Large-Scale Evolution of Image Classifiers
This work addresses the problem of reducing human effort in neural architecture design for image classification, though it is incremental as it builds on existing evolutionary methods.
The paper tackled the challenge of designing neural network architectures for image classification by using evolutionary algorithms to automatically discover models, achieving accuracies of 94.6% on CIFAR-10 and 77.0% on CIFAR-100 without human intervention.

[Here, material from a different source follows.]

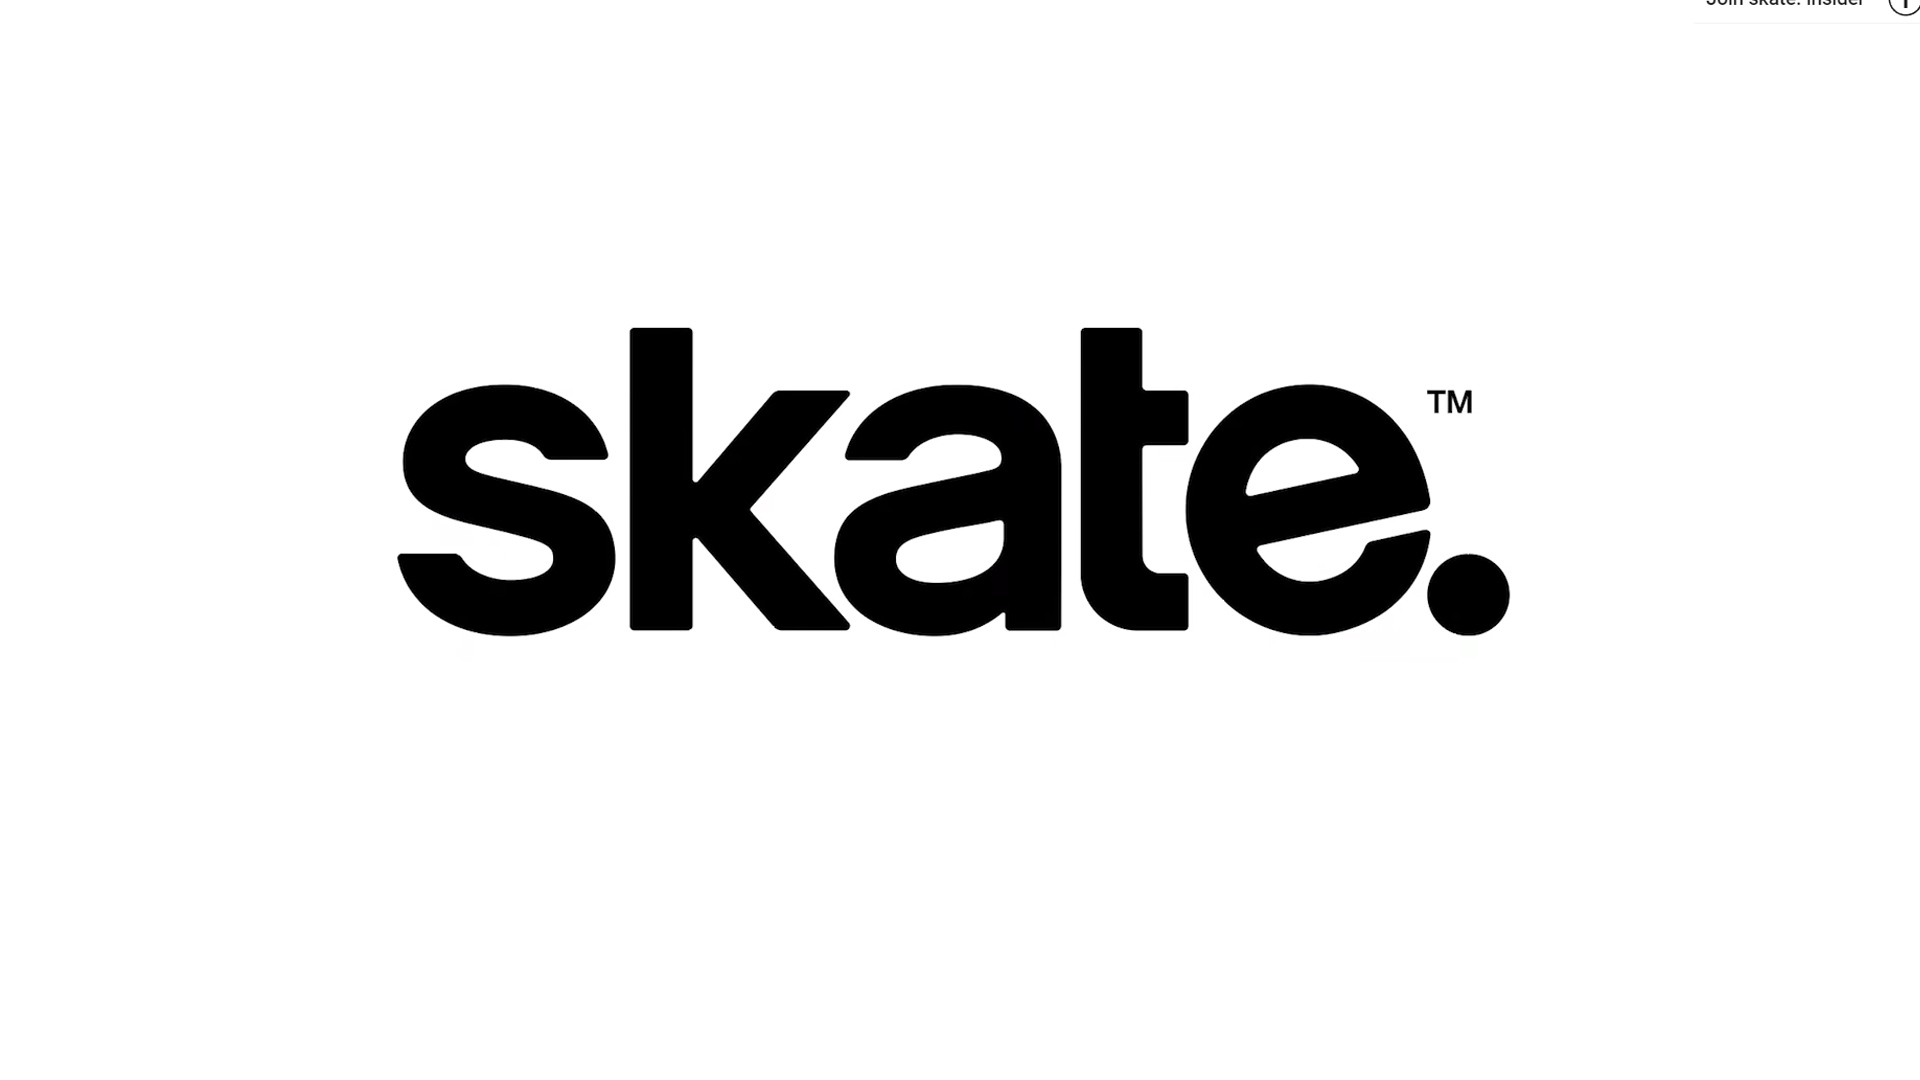 Skate 4 Playtest: How to sign up for alpha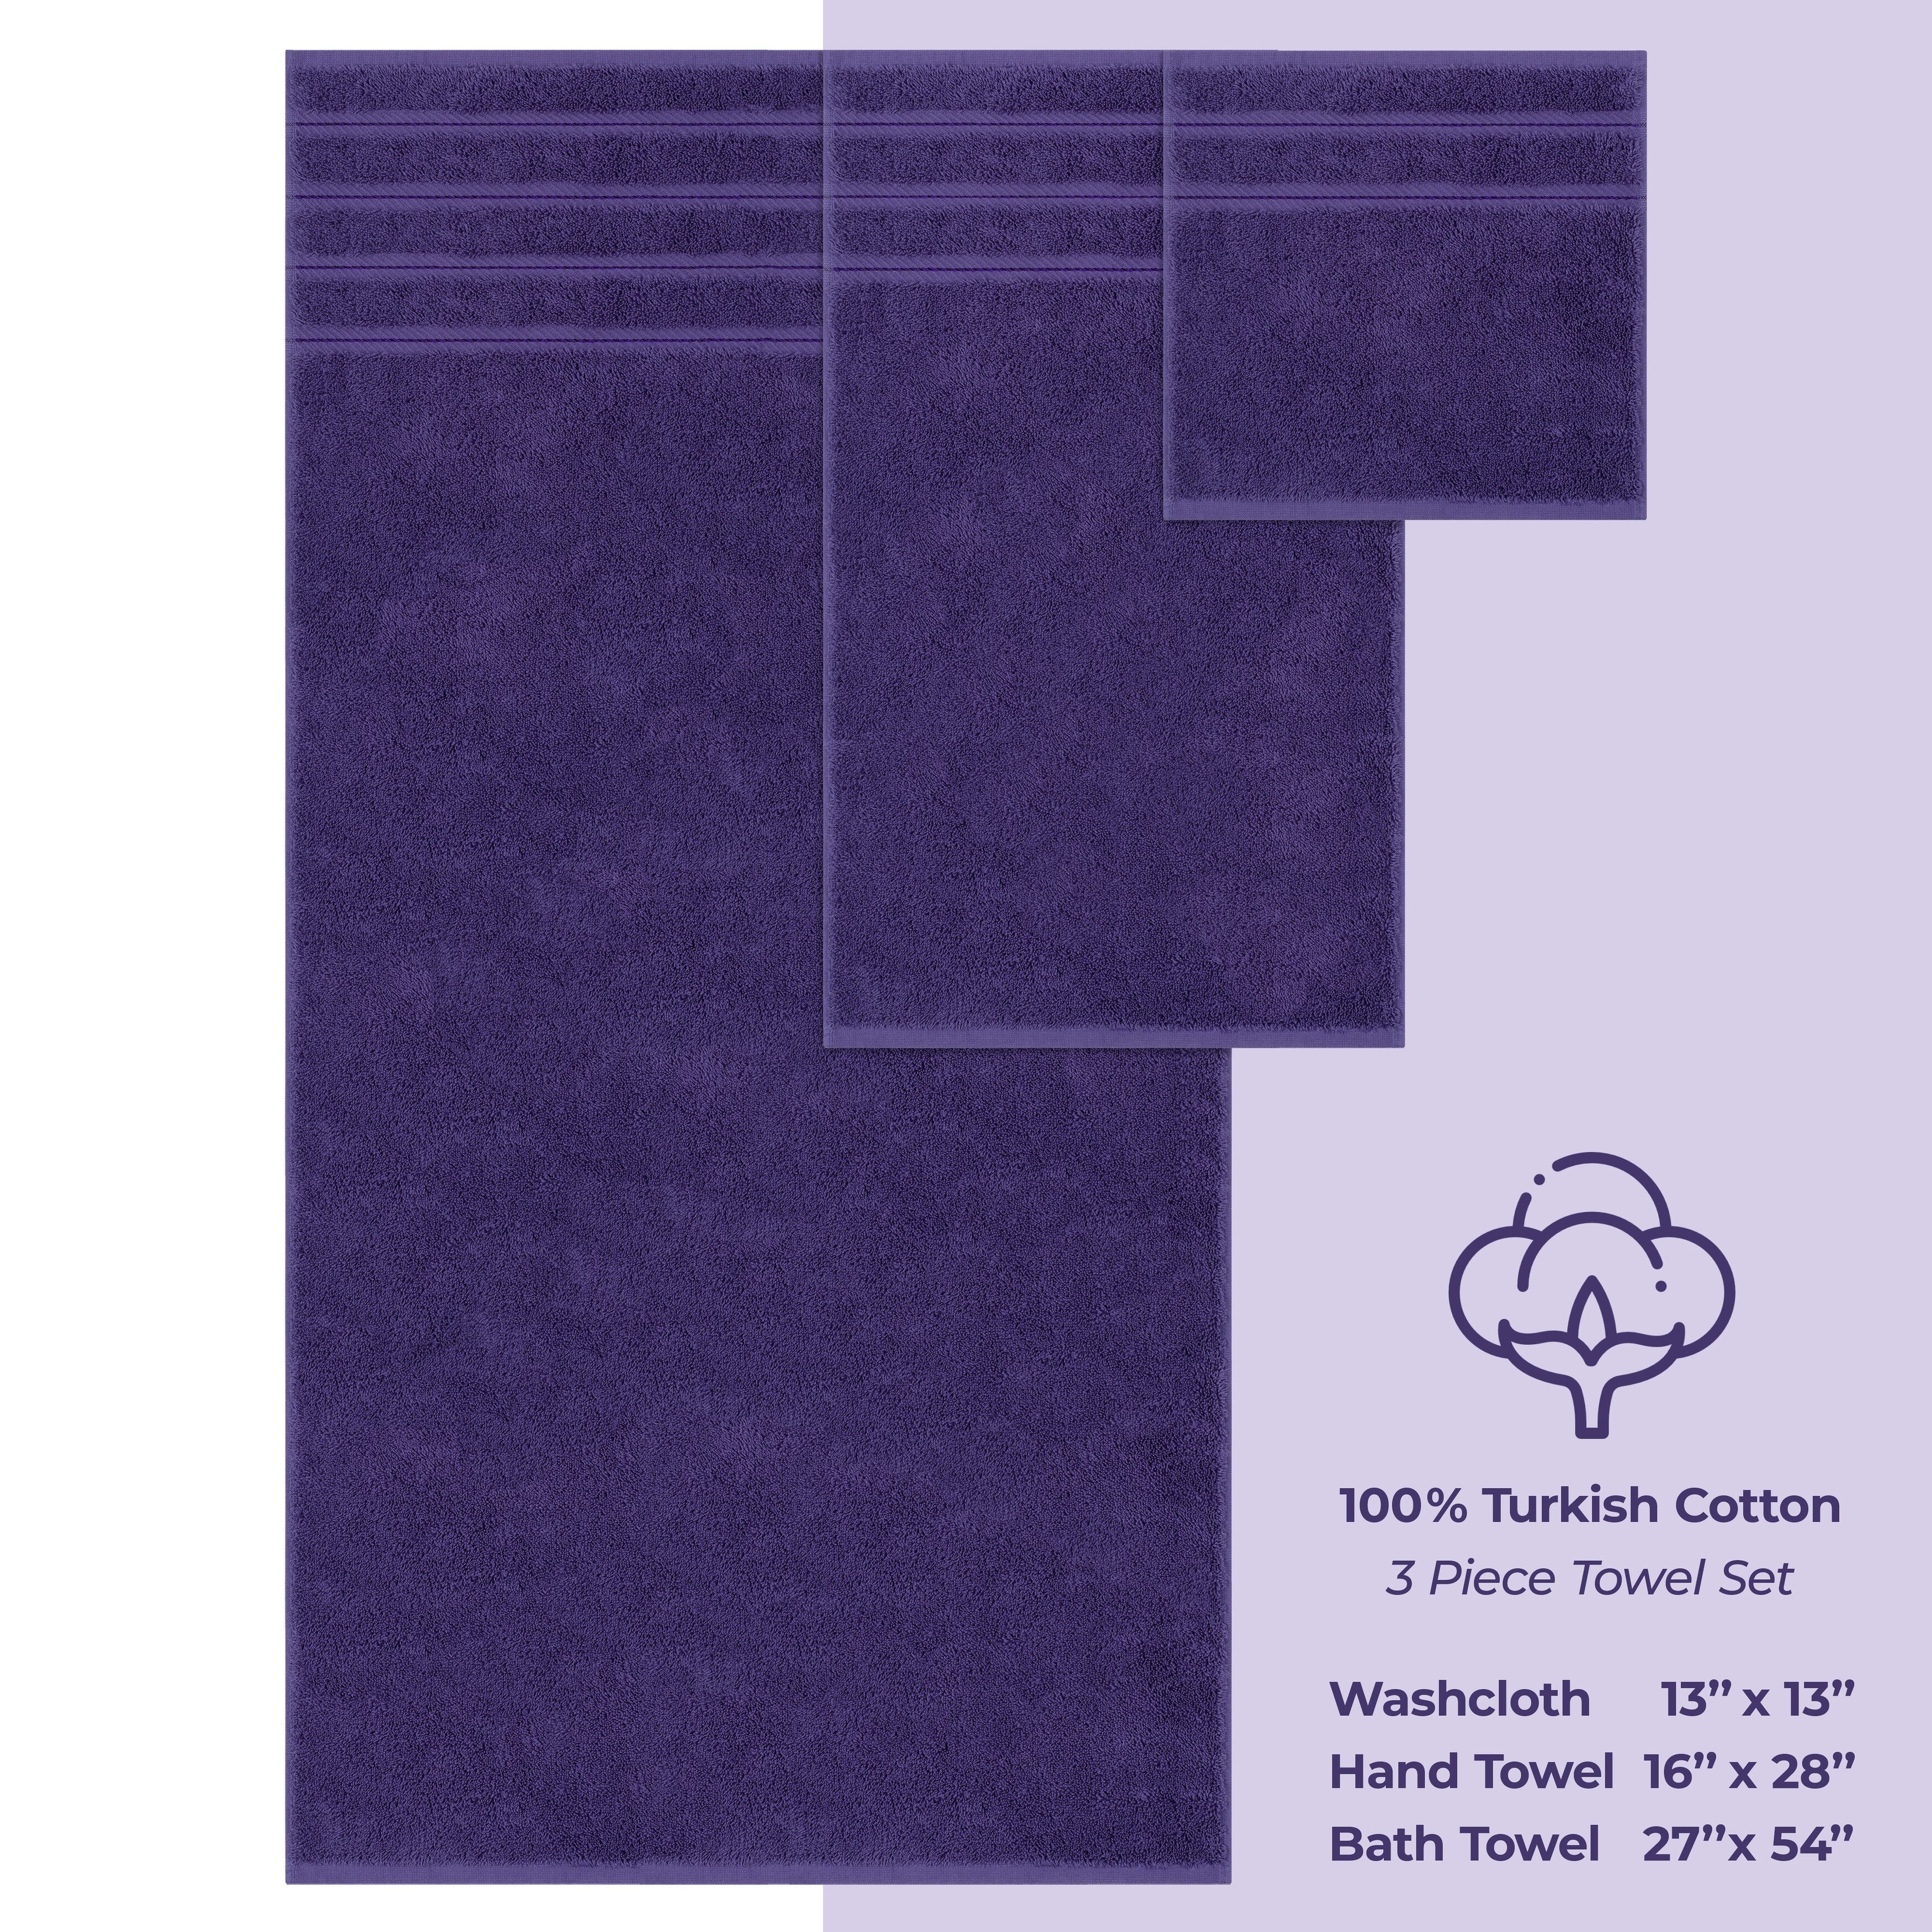 https://ak1.ostkcdn.com/images/products/is/images/direct/13a2d8e98672f9b68a98d74469205724b78ff12e/American-Soft-Linen-3-Piece%2C-100%25-Genuine-Turkish-Cotton-Premium-%26-Luxury-Towels-Bathroom-Sets.jpg

Neural networks have proven effective at solving difficult problems but designing their architectures can be challenging, even for image classification problems alone. Our goal is to minimize human participation, so we employ evolutionary algorithms to discover such networks automatically. Despite significant computational requirements, we show that it is now possible to evolve models with accuracies within the range of those published in the last year. Specifically, we employ simple evolutionary techniques at unprecedented scales to discover models for the CIFAR-10 and CIFAR-100 datasets, starting from trivial initial conditions and reaching accuracies of 94.6% (95.6% for ensemble) and 77.0%, respectively. To do this, we use novel and intuitive mutation operators that navigate large search spaces; we stress that no human participation is required once evolution starts and that the output is a fully-trained model. Throughout this work, we place special emphasis on the repeatability of results, the variability in the outcomes and the computational requirements.